Thoughts on why it’s harder to make Genome Language Models than Protein Ones

There are many brilliant people working on both genome and protein language models. The difference in outcome isn’t from talent or effort, I think it’s an expected consequence of the data and problem the models solve.

The most common way to train language models (general text, DNA, or protein) is to blind the model to certain tokens and ask the model to reconstruct the original sequence from partial information.

Human language is very information dense. Every word has conscious intentionality behind its selection. Even in cases of similar words (joy vs. elation vs. rapture or compel vs. coerce vs. oblige), there are subtle shades which reinforce the intention of the writer, how the reader is meant to hear, or the meaning of what is communicated. The tokens in human writing, especially good writing, are incredibly information rich.

Similarly, the vocabulary of amino acids each correspond to physical properties, (e.g polar, bulky, flexible). The world of protein language is more closely linked to the physical world.

DNA can be less constrained. Long stretches of it can have no or nearly no reason for one base being present versus another. Parts important to understand an other part can be located very far away (for example a distal enhancer). This is one reason why some of the most interesting innovations in DNA language models are in extracting information in extremely long contexts.

Although it is true that the DNA model encodes proteins (though due to the triplet code, with more degeneracy), the same model which has to learn the coding portions has to learn the general parts as well. Because training moves the model globally away from reconstruction error, regardless of where it comes from, the effects of model training are spread across both information dense and information sparse tasks. You may comment then that we could instead train on prokaryote genomes which are more streamlined, but then these genomes are much shorter and the training data is less than the eukaryote genomes.

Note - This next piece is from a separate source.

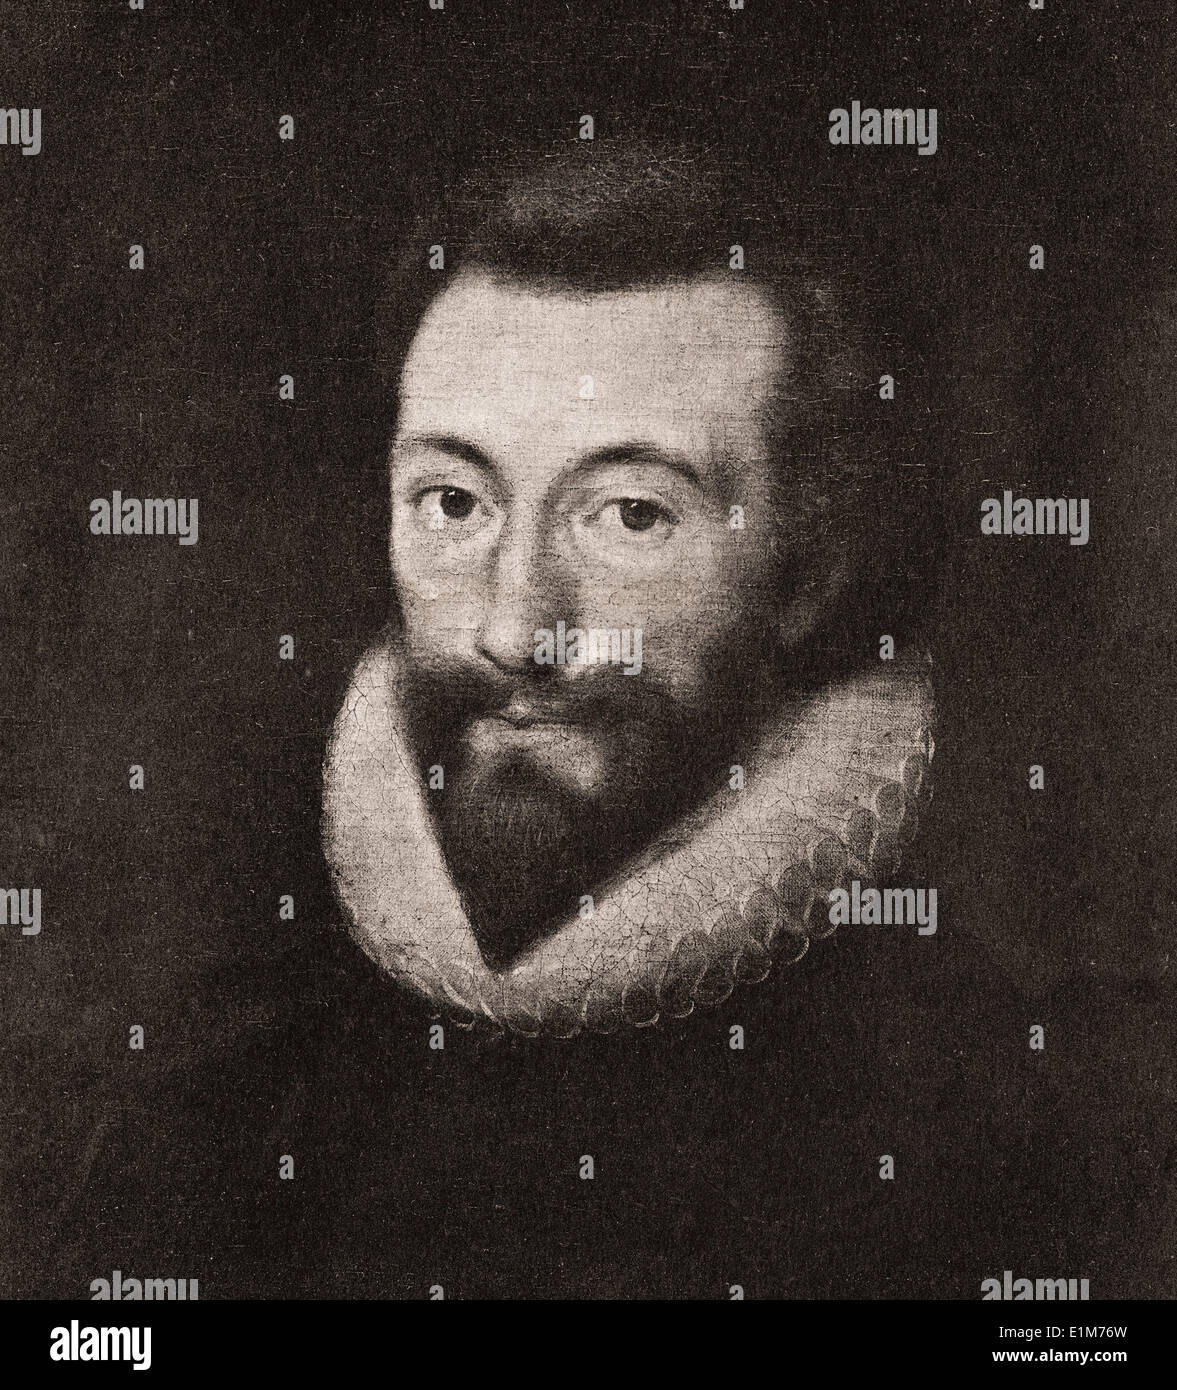 John Donne, im Alter von 44. John Donne, 1572-1631. Englischen metaphysischen Dichter, Satiriker, Rechtsanwalt und Kleriker. Stockfoto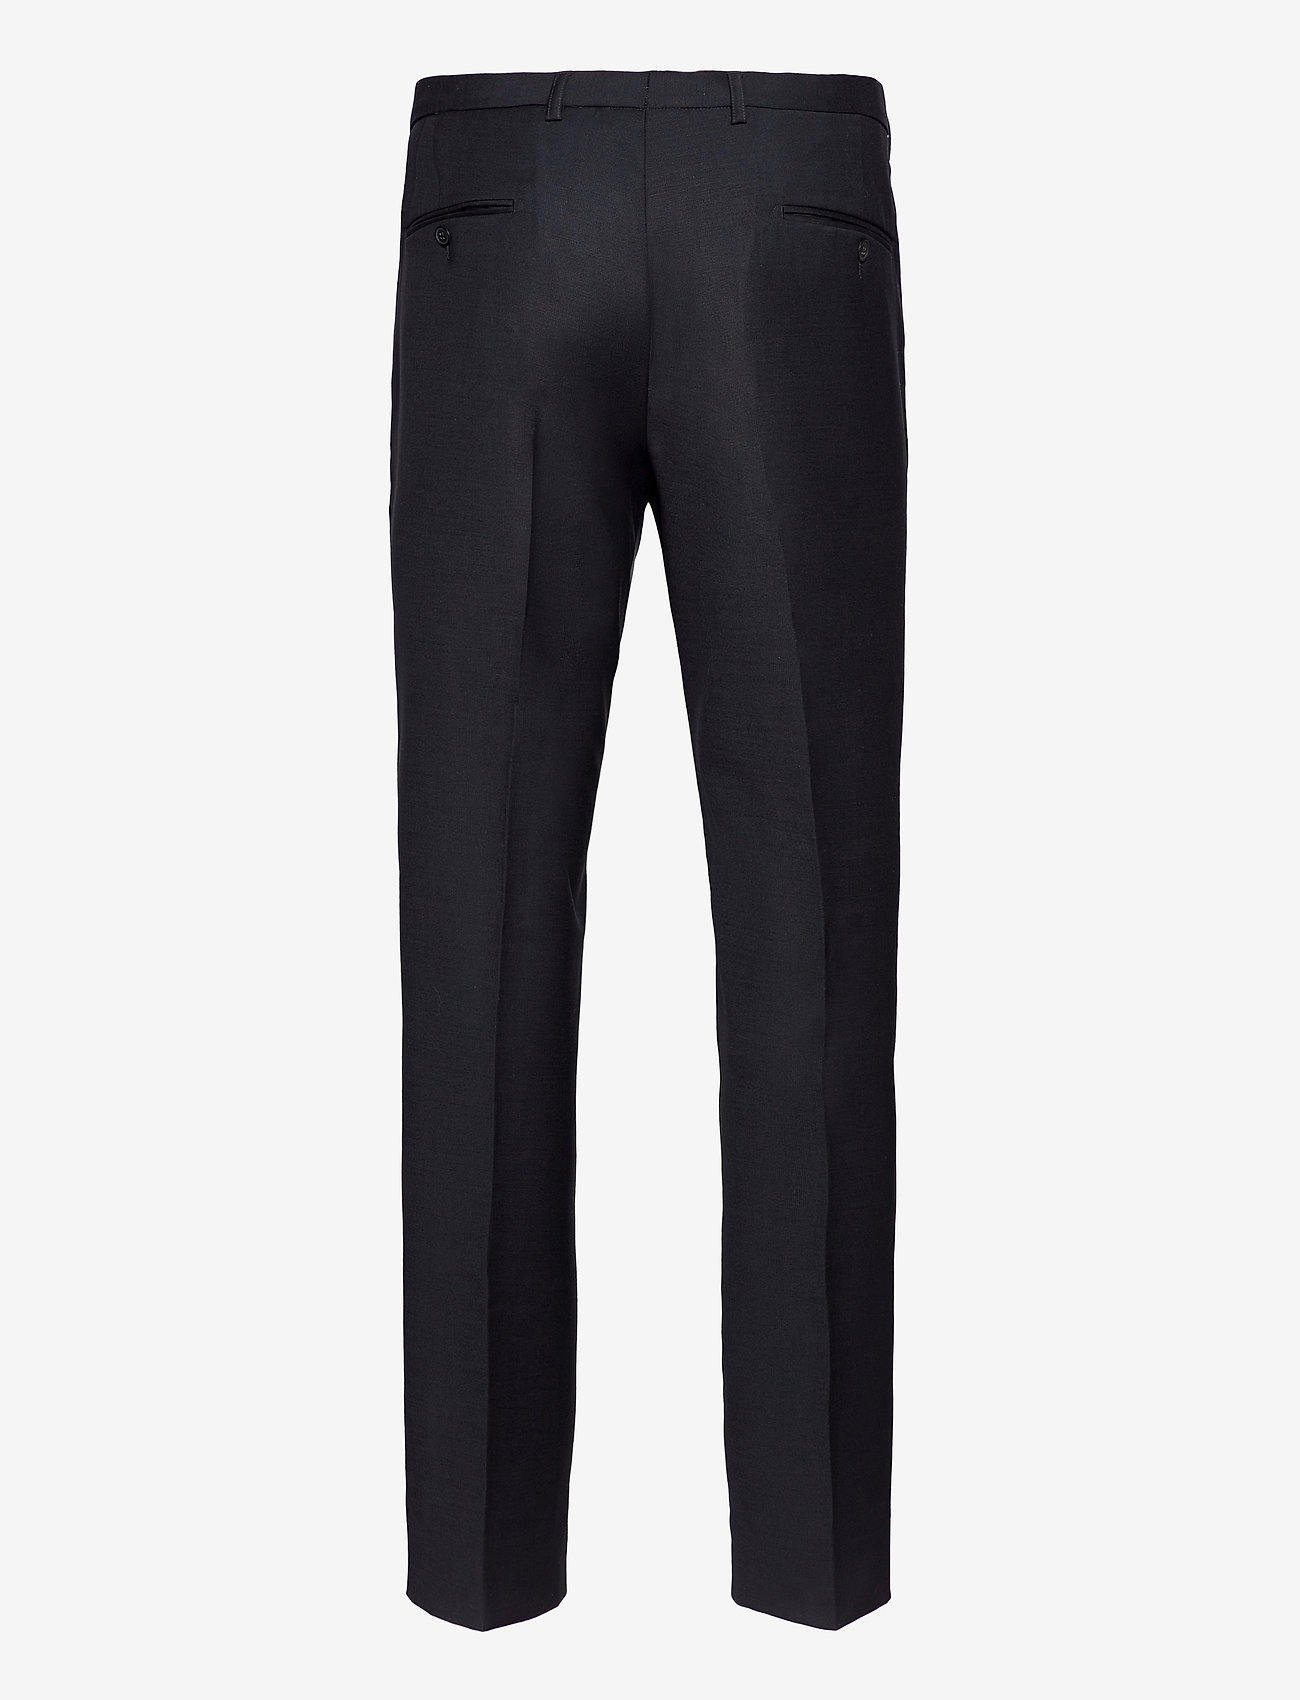 Bruun & Stengade - BS Hardmann - suit trousers - black - 1

I think that DNA language models are useful now, as tools to accelerate or improve training for data or compute limited tasks. I am also optimistic that there will be more powerful genome language models in the future. I think some of the things that will lead to better models are converting the training task into things which are more information dense (e.g. predicting the distribution of nucleotides in an alignment of genomes so you can predict unconstraint as a meaningful prediction). Also, training more directly on multiple tasks or questions you can directly ask of nucleotide sequence directly in pre-training. In short, things which are able to concentrate the meaningful information density significantly at the level of the models you are training.

Parting thoughts

Hopefully the first part of the blog gives people who were not previously aware a taste of the large amount of work that many scientists and engineers have put into developing and understanding how models learn and how to build on that knowledge to solve tasks. These methods reflect years of refinement that enable their application at scale, as well as a degree of understanding that lets us break down their components and look at them piece by piece.

And the second part of the blog hopefully gives a taste for a field that is still in the initial phase, with rapid iteration on approaches, and at the beginnings for us to understand how best to use and apply. It will be exciting to see the developments that end up becoming essential in this new field. And if you think you know the best way, I’d be curious to read your blog on it.